Let $A,B$ be two Hermitian matrices. Let $\lambda_{k}(A)$ denote the $k$-th largest eigenvalue. I want to prove the following inequality.
$$ \sum_{k=1}^{n}\left|\lambda_{k}(A)-\lambda_{k}(B)\right|^{2} \leqslant\|A-B\|_{F}^{2} $$
where
$$\| A - B \|_{F} := \sqrt{\mbox{tr}(A-B)^{H}(A-B)}$$
is equal to
$$\sum_{k=1}^{n} \sigma_{k}^{2}(A-B)$$
where $\sigma_{k}(A-B)$ is the $k$-th largest singular value of matrix $A - B$.

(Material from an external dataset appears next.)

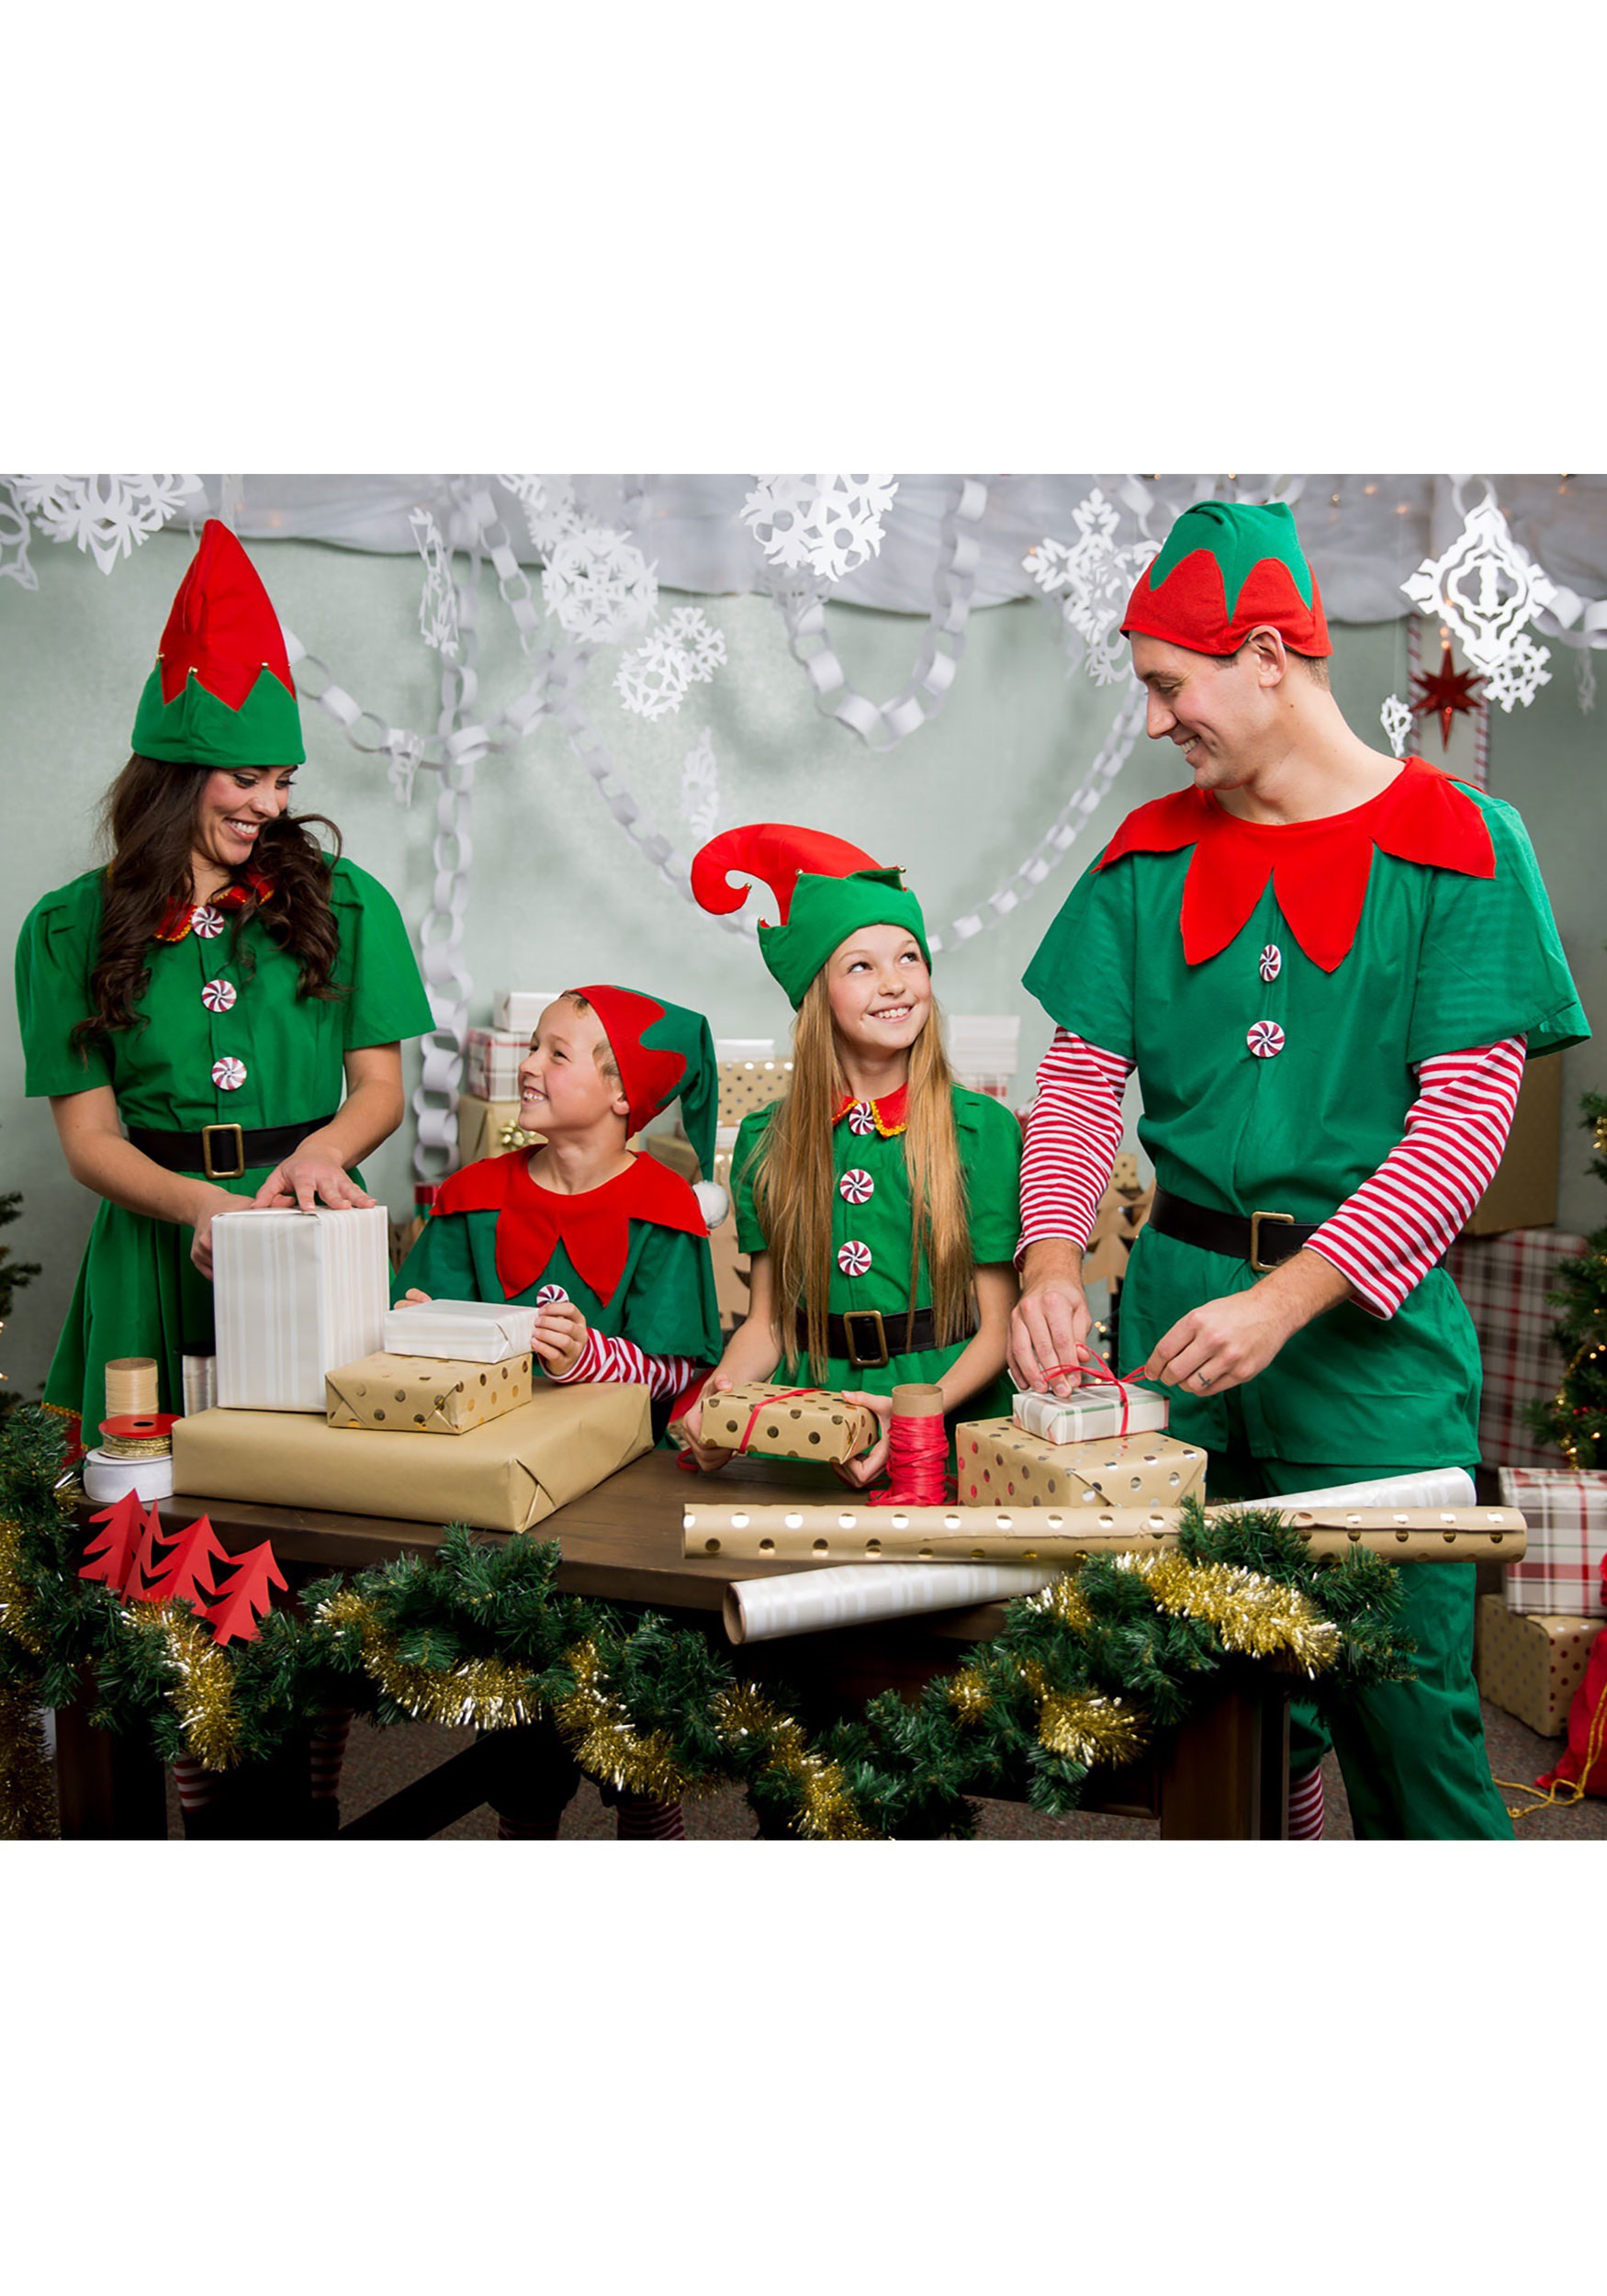 Holiday Elf Costume For Adults

I think this inequality is related to Weyl inequality.
$$ \lambda_{i+j-1}(A+B) \leqslant \lambda_{i}(A)+\lambda_{j}(B) \leqslant \lambda_{i+j-n}(A+B), \quad \forall i+j \geqslant n+1 $$
As its proposition we can prove
$$ \left|\lambda_{k}(A)-\lambda_{k}(B)\right| \leqslant\|A-B\|, \quad \forall k=1,2, \cdots, n $$
Here $\|A-B\|$ is the largest singular value of $(A-B)$.
But this proposition seems no help to the inequality above. So are there other ways to prove it?

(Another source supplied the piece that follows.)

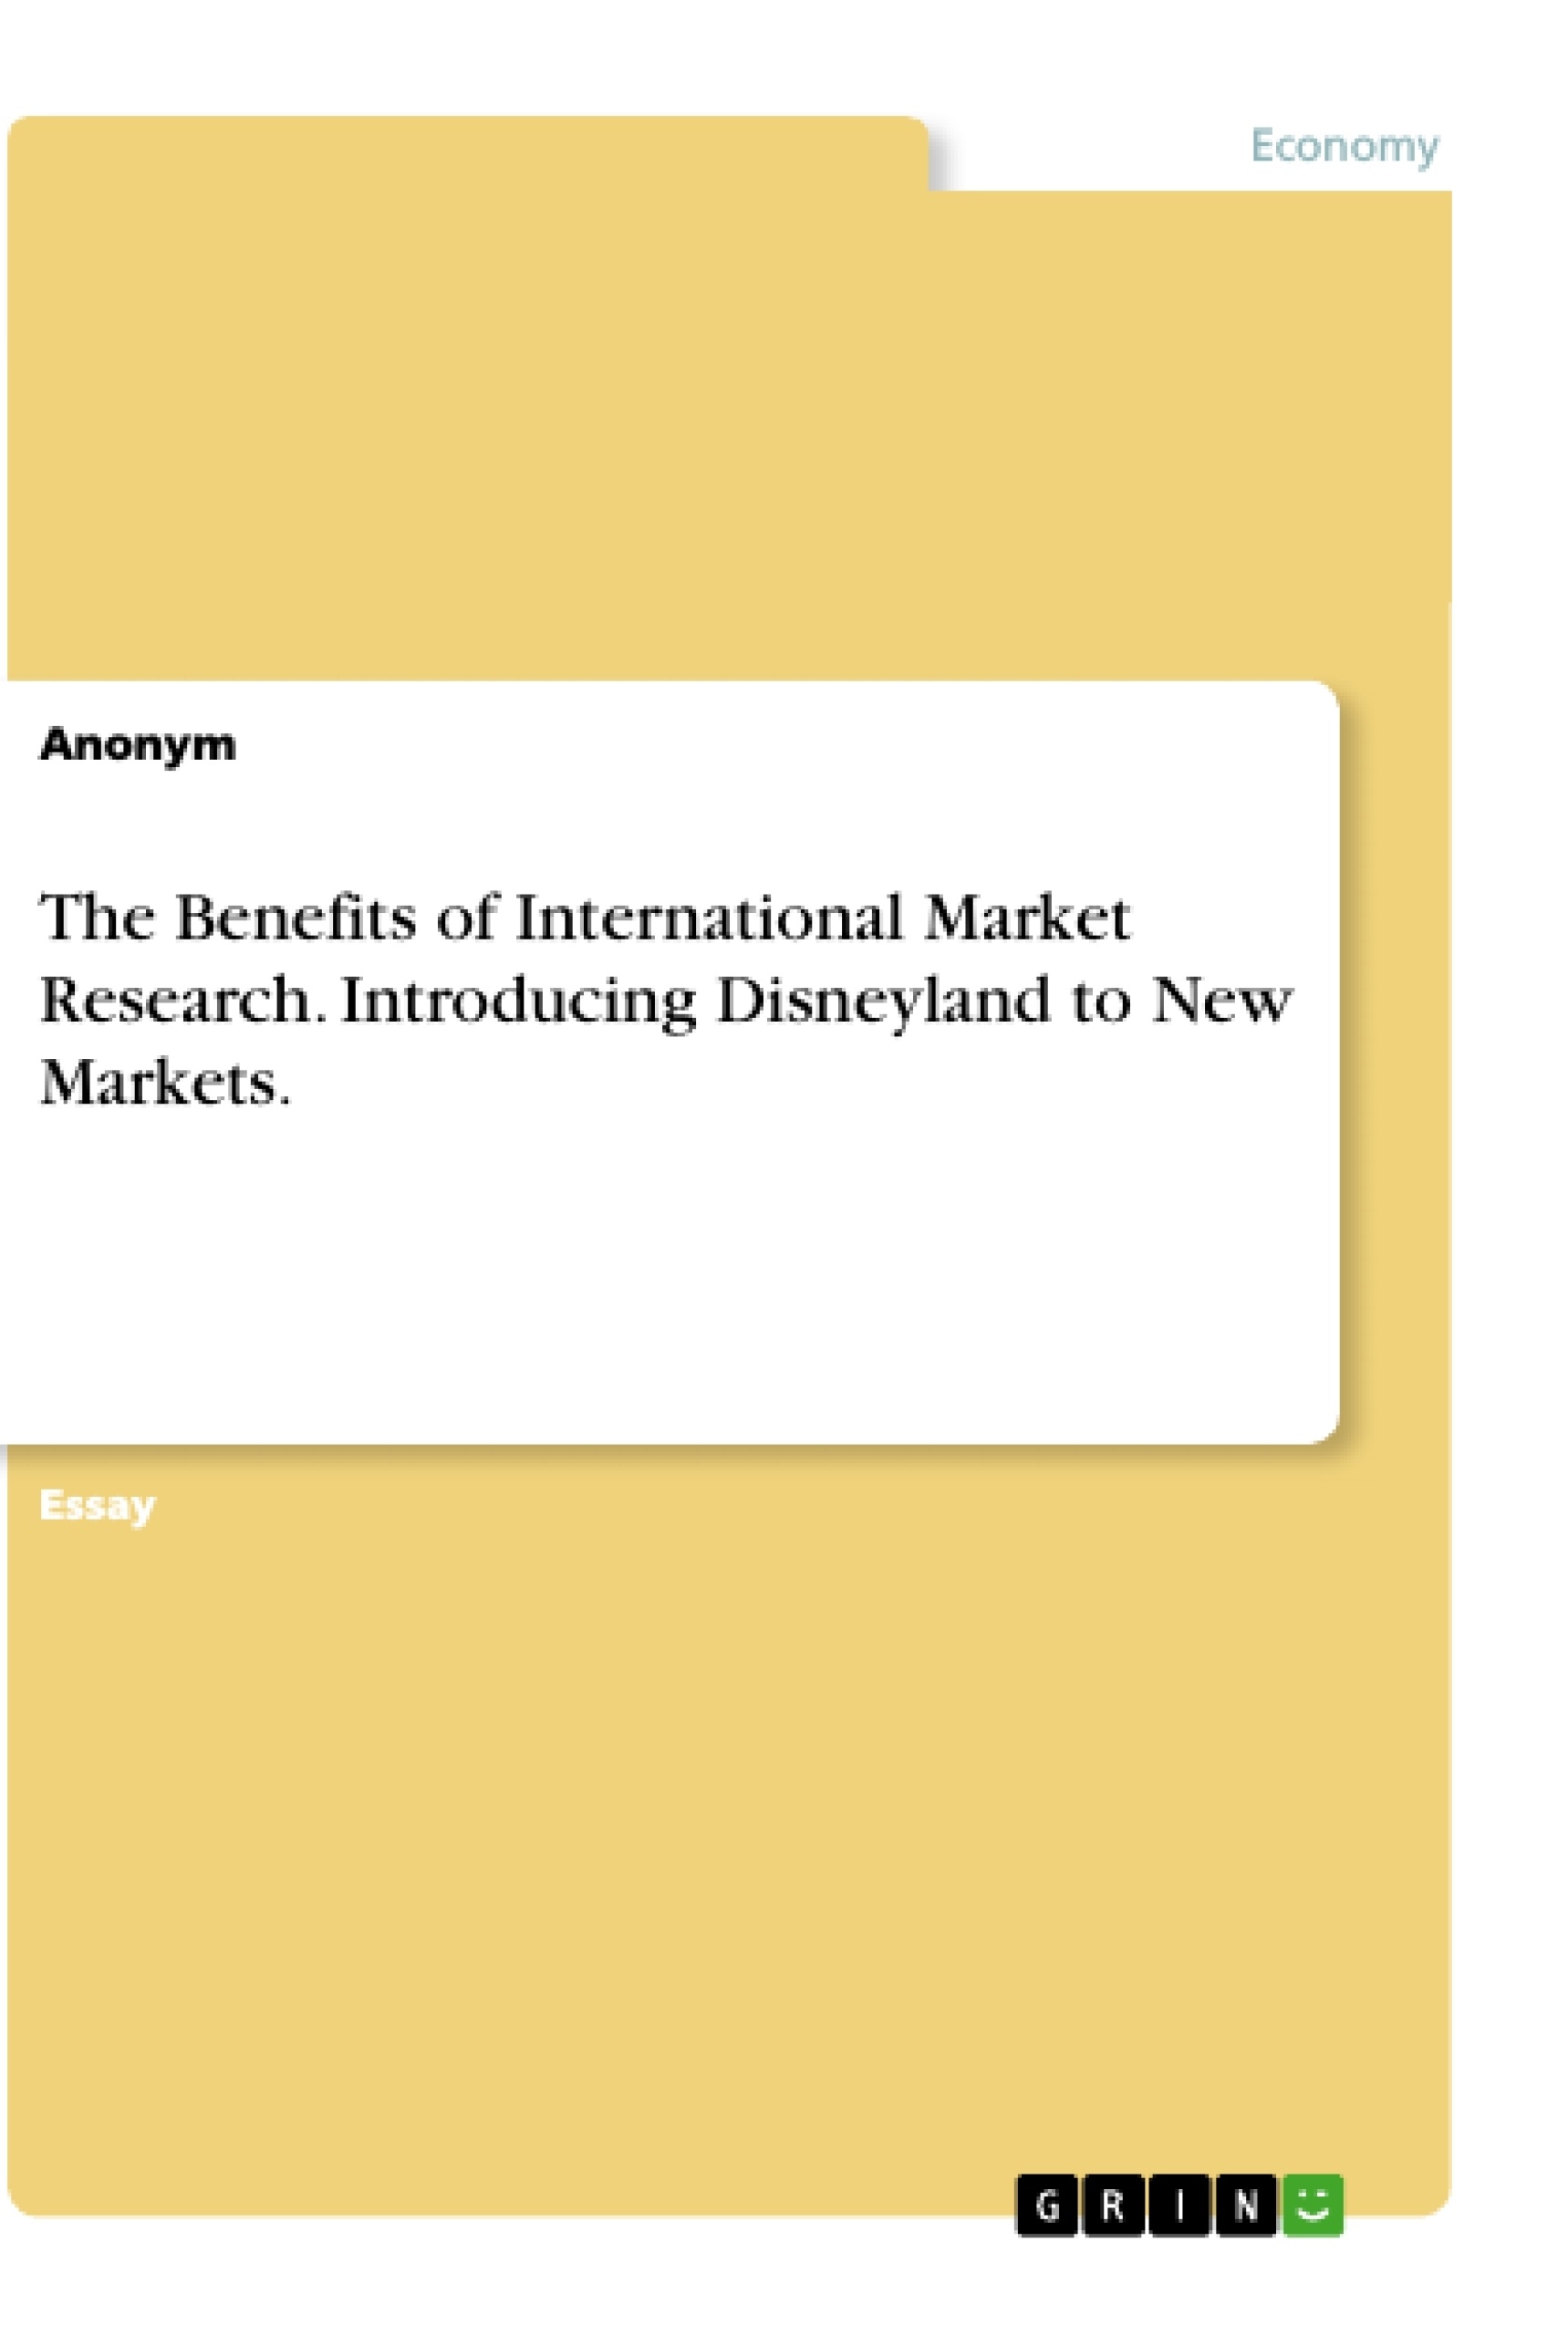 Title: The Benefits of International Market Research. Introducing Disneyland to New Markets.

You may assume WLOG that $A\succeq \mathbf 0$ and $B\succeq \mathbf 0$. If not, re-run on $A' = A + \delta I$ and $B' = B + \delta I$ for real $\delta$ large enough. Let $A = Q\Lambda Q^*$ and $B=U\Sigma U^*$. Each diagonal matrix contains eigenvalues in the usual ordering from largest to smallest. Let $C:= Q^*BQ$.

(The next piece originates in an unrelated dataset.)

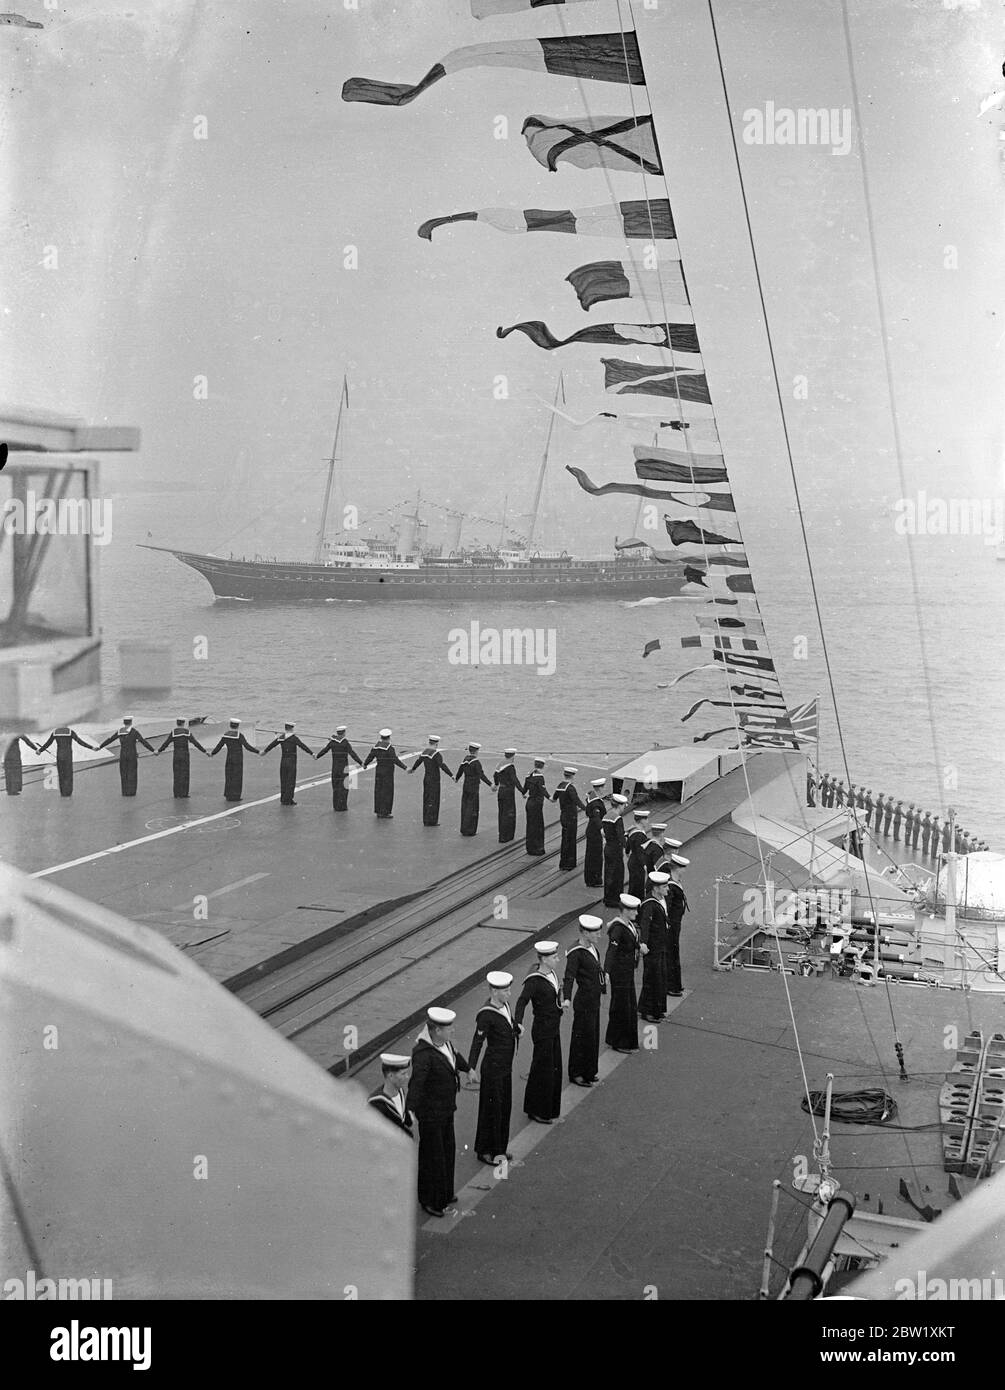 The King reviews fleet at Spithead. Aboard the Royal yacht, 'Victoria and Albert', the King passed through the 5 mile line of 160 warships and merchant vessels when he made his Coronation review of the British Navy and Mercantile Marine at Spithead. Nearly 300 ships, including 17 from the foreign fleets, were reviewed. Photo shows, the Royal yacht 'Victoria and Albert' passing the aircraft carrier HMS Glorious as the crew dressed ship. 20 May 1937 Stock Photo

$$\begin{aligned} \sum_{k=1}^{n}\left|\lambda_{k}(A)-\lambda_{k}(B)\right|^{2} &=\big\Vert \Lambda - \Sigma\big \Vert_F^2\\ &=\text{trace}\Big(A^2\Big) - 2\cdot \text{trace}\Big(\Lambda \Sigma\Big)+\text{trace}\Big(C^2\Big)\\ &\leq \text{trace}\Big(A^2\Big) - 2\cdot \text{trace}\Big(\Lambda C\Big)+\text{trace}\Big(C^2\Big)\\ &= \big\Vert \Lambda - C\big \Vert_F^2\\ &=\big\Vert A - B\big \Vert_F^2 \end{aligned}$$
where the inequality
$$\text{trace}\Big(\Lambda C\Big) \leq \text{trace}\Big(\Lambda \Sigma\Big)$$
is justified, e.g., by the von-Neumann trace inequality or application of the trace inequality here.